What was the content of that note? Was is a note of support? Or did Redmayne save his more condemnatory remarks for their private correspondence? It would be nice to know, even if the exact remarks are not shared publicly, simply because the statements Redmayne does make on record sound pretty supportive of JK Rowling. He acknowledges the trans community is under attack, but he does not connect JK Rowling’s comments—or her enormous, international platform from which to make those comments—to the discrimination he references, and then he equates people being mad online at Rowling with actual transphobic abuse. This is how Redmayne’s comments read, as presented by the Daily Mail:
Eddie Redmayne: “I have trans friends.” (Not a great start, bud.) “Their rights are being challenged, and they face discrimination.” (True.) “The abuse aimed at Jo Rowling is also very bad.” (Not…the point?) “Online abuse toward trans people is bad, too. These are the same things.” (Oh buddy, it’s back to school with you.)
Obviously, Redmayne, who has just resumed work on Fantastic Beasts 3, a film co-written and based on characters created by Rowling, is in a tight spot. He wants to offer support to the trans community, but he doesn’t want to (publicly) break with Rowling. How to split that hair? Unfortunately, I don’t think you can. Even if he just left his statement at generic support, it would be read as a statement against Rowling, because she has made herself the face of anti-trans TERF “feminism”. It’d be like Prince Harry making a generic “reject hate speech” statement and everyone jumping to a direct attack on Donald Trump—at this point, it says more about Trump that “reject hate speech” can be seen as a personal attack, similarly, it would be seen as a personal attack if anyone connected to Rowling said, “I support trans women.” That’s why there is no sense in prevaricating and you should just name the elephant in the room, like Daniel Radcliffe did earlier this summer.
Redmayne is in a different position, though, given that his collaboration with Rowling is ongoing, and DanRad’s is over and he is no longer in an active position of working with her. But Redmayne is also in a tricky spot because of The Danish Girl. In a bid for back-to-back Best Actor Oscars, Redmayne portrayed historical trans figure Lili Elbe in The Danish Girl in 2015. (He lost.) He was criticized at the time for the role, and he has been an awkward ally for the trans community ever since. I don’t doubt the sincerity of his support for the trans community, but he nakedly tried to win a trophy by “playing trans” which complicates even the most generically supportive statements. Redmayne, who says he likes to keep his head down anyway, should probably just do that. No one’s really looking for him to be the hero of trans people everywhere.

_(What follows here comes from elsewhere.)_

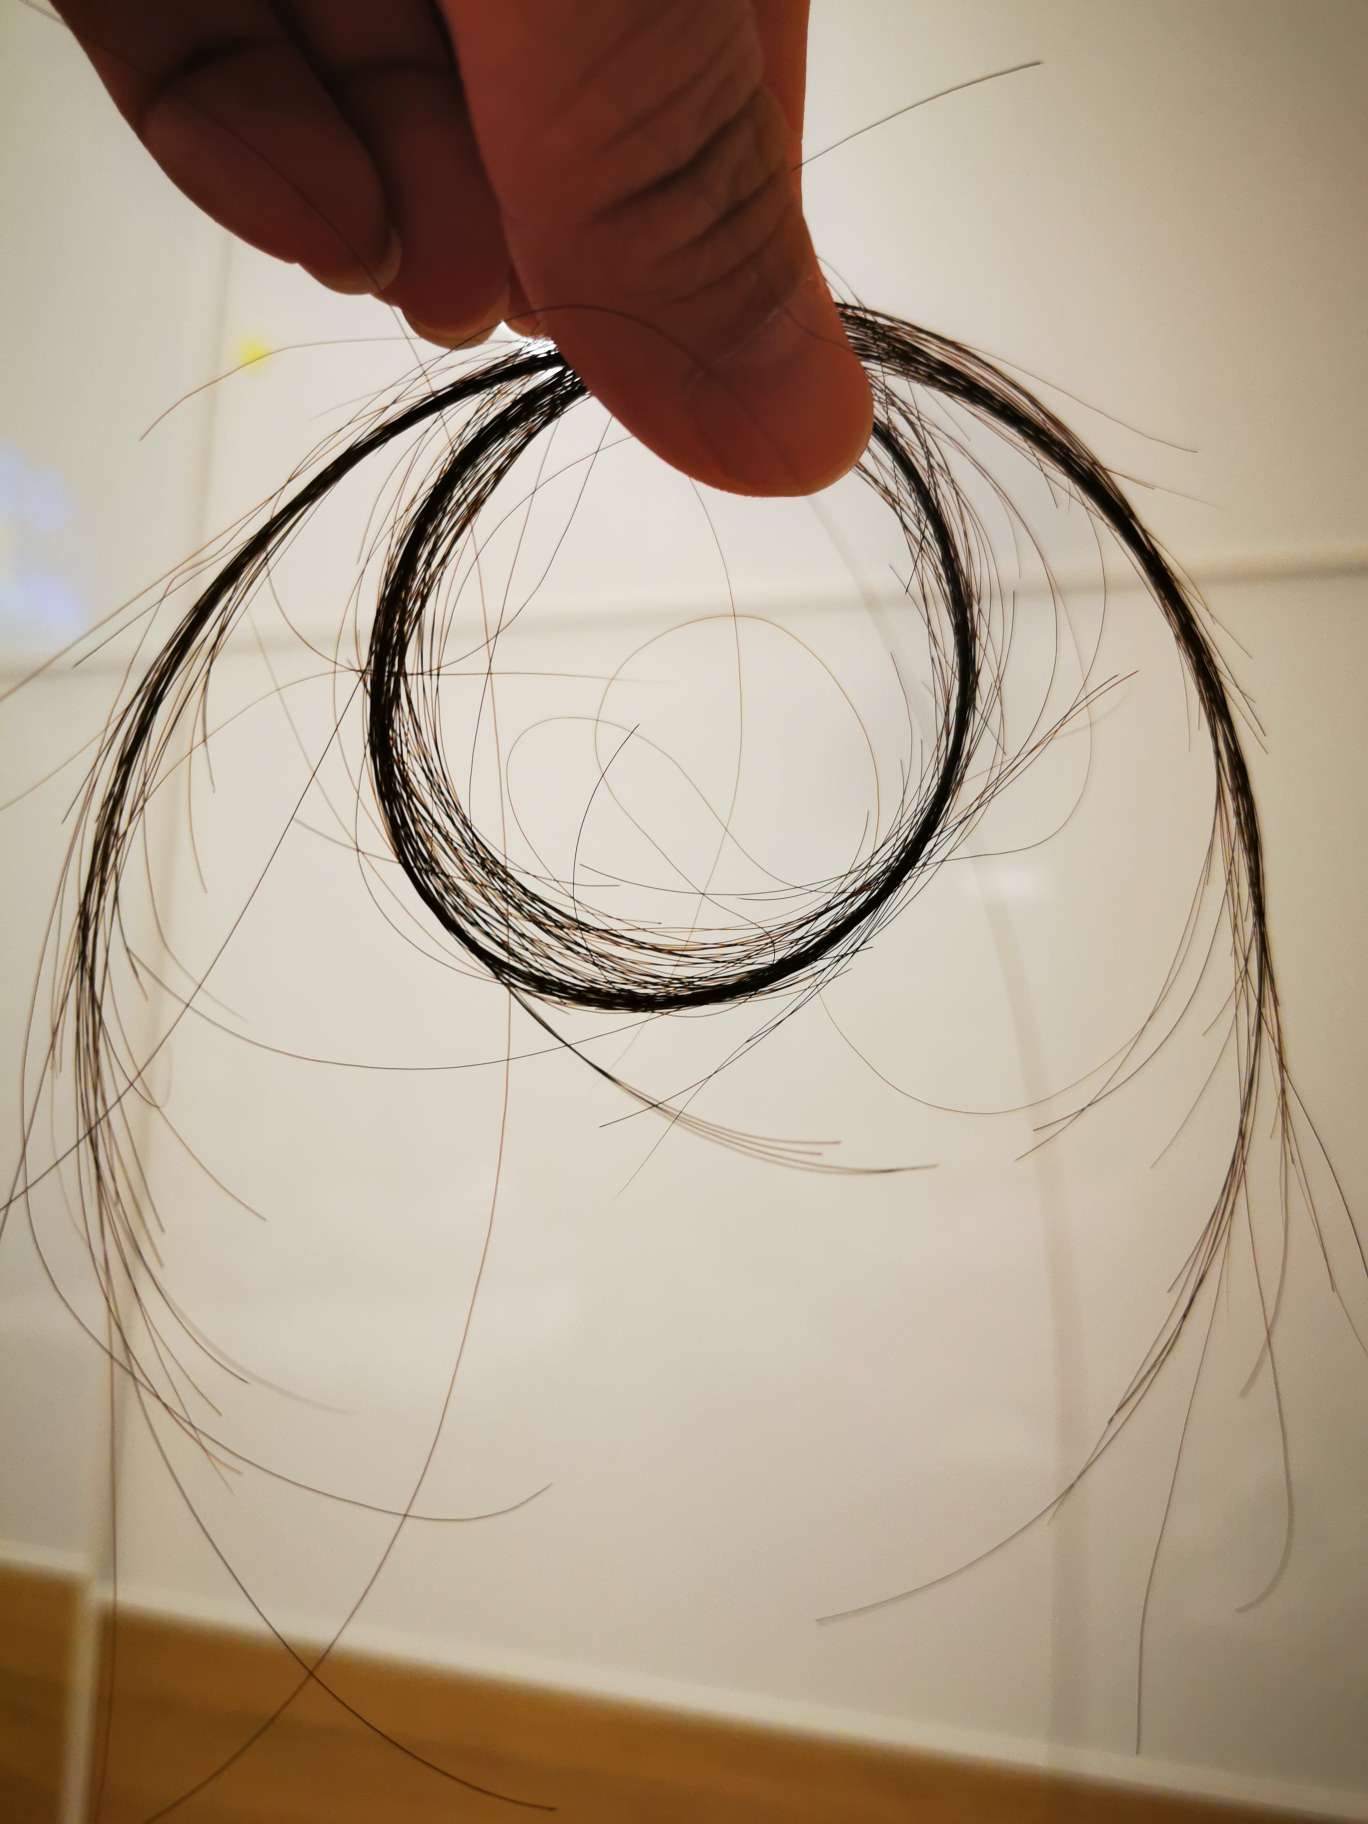 女人化疗头发掉光图片图片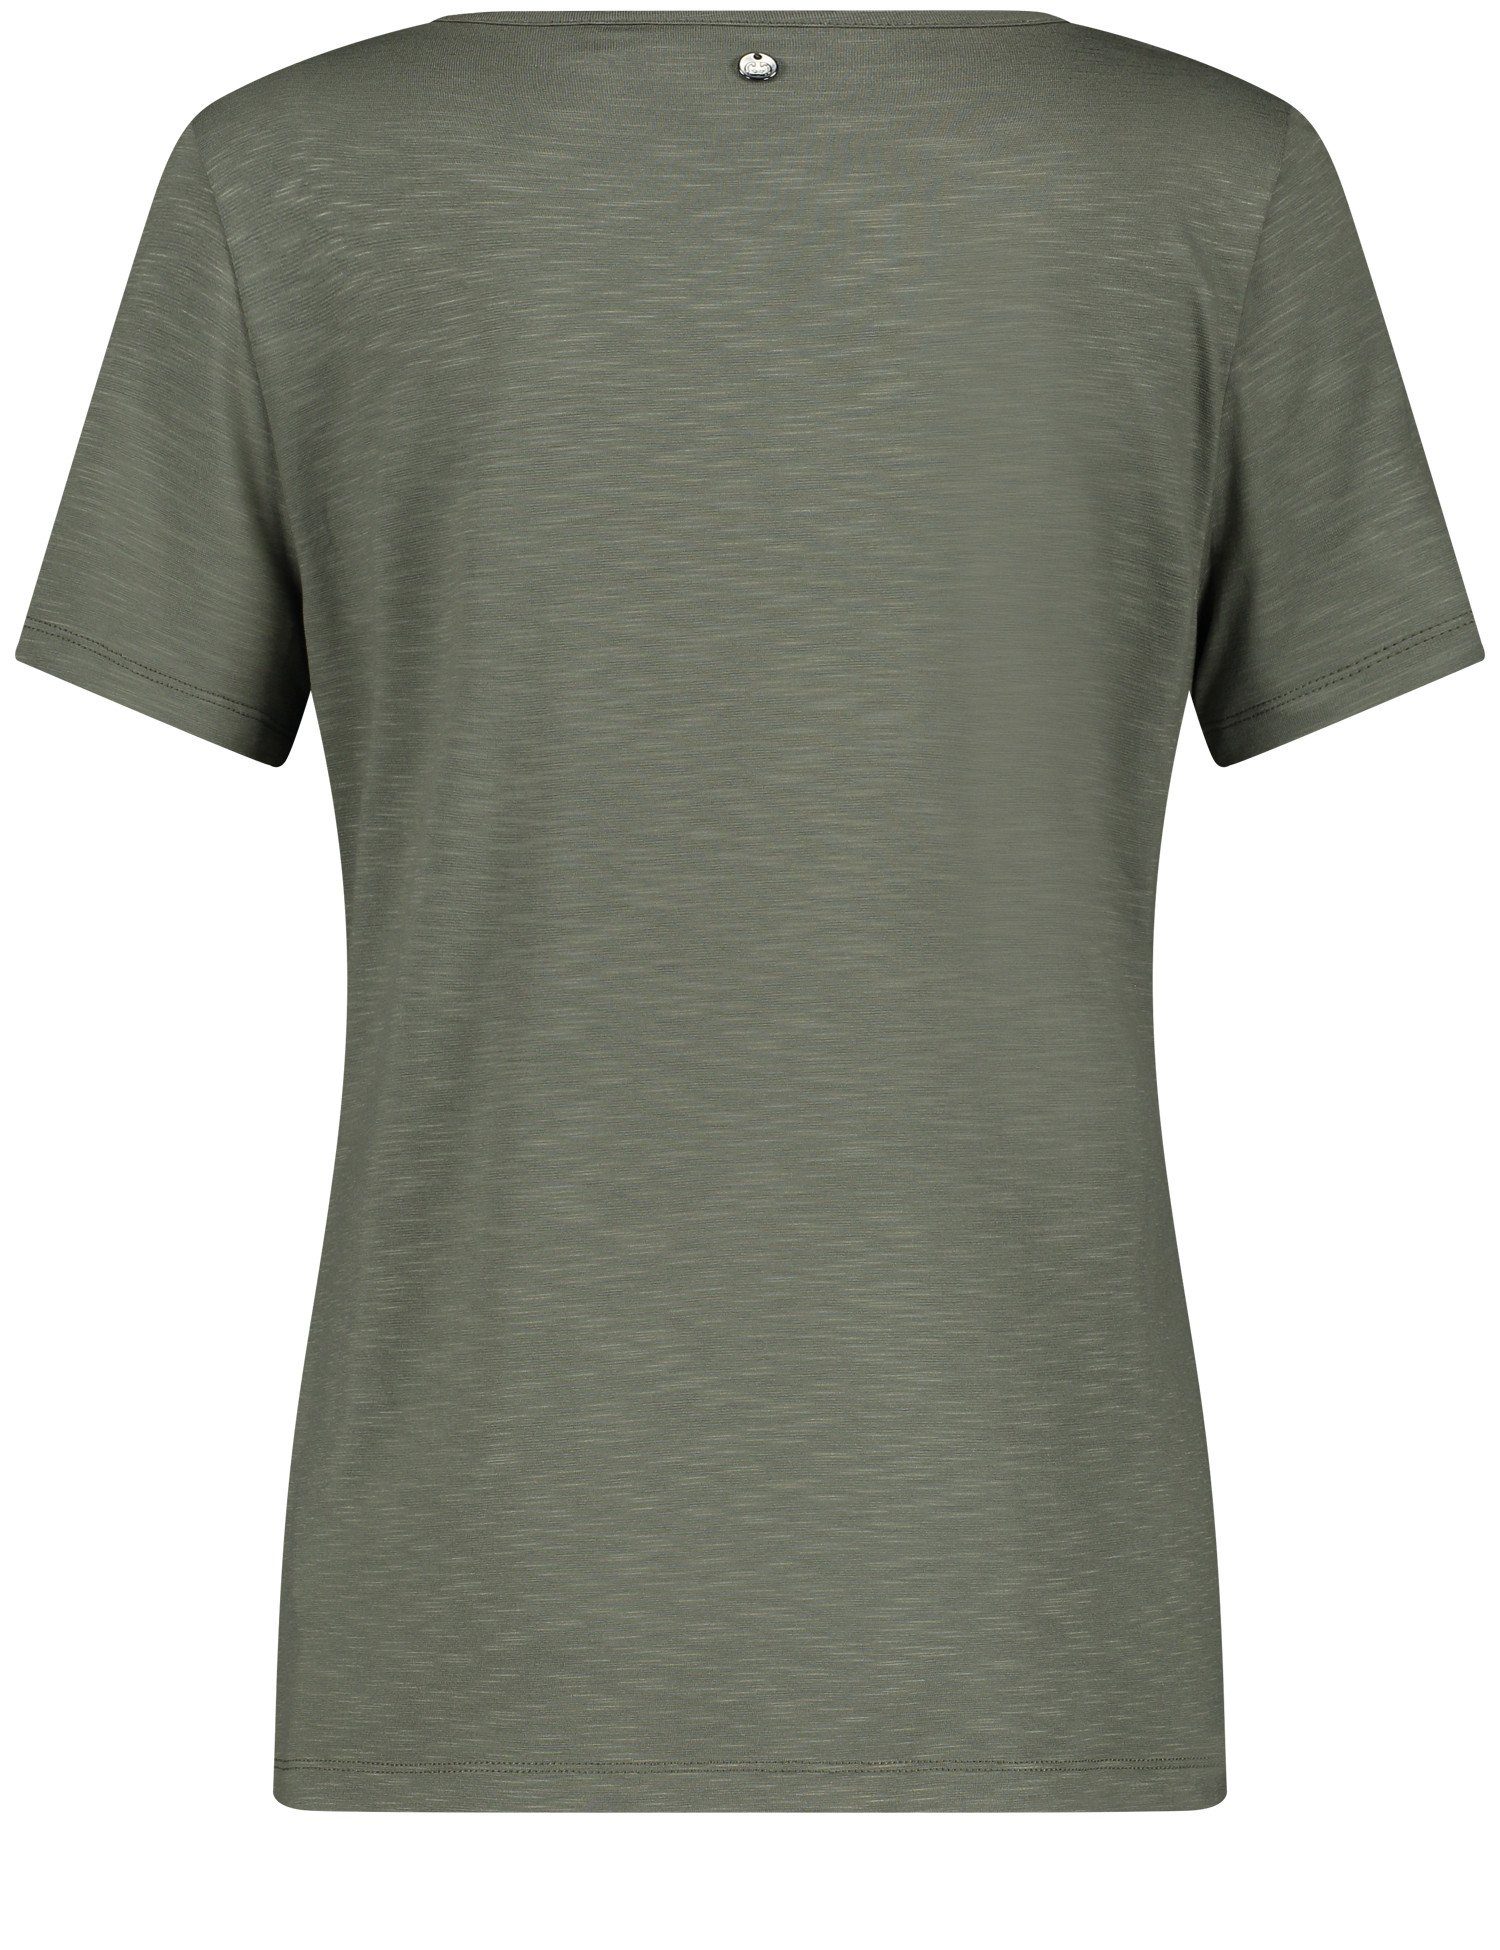 Tropfenauschnitt Kurzarmshirt WEBER GERRY mit Olive geknöpftem T-Shirt

But this is going to be a problem for Warner Brothers and Fantastic Beasts 3. Rowling has replaced Johnny Depp and Ezra Miller as the biggest liability for the film, and its stars WILL be asked about her asinine statements next year while promoting the movie (assuming we get movies next year). Publicists at Warners should be working with the Fantastic cast to prepare statements regarding Rowling and transphobia, though again, any statement in support of trans people will be read as an attack on Rowling, and attempting to mitigate that will only look like qualifying support for trans people. The situation facing the trans community is too dire for prevarication—in the US, trans people will almost certainly see their rights further diminished, if not abolished altogether, as the Supreme Court is set to swing hard right—and someone cussing you out online absolutely is not the same thing as a real person being denied their human rights and in too many cases being murdered for living your life. An entire community faces the threat of legal erasure and very real physical harm so this is no time for “but”. It is time to pick a side.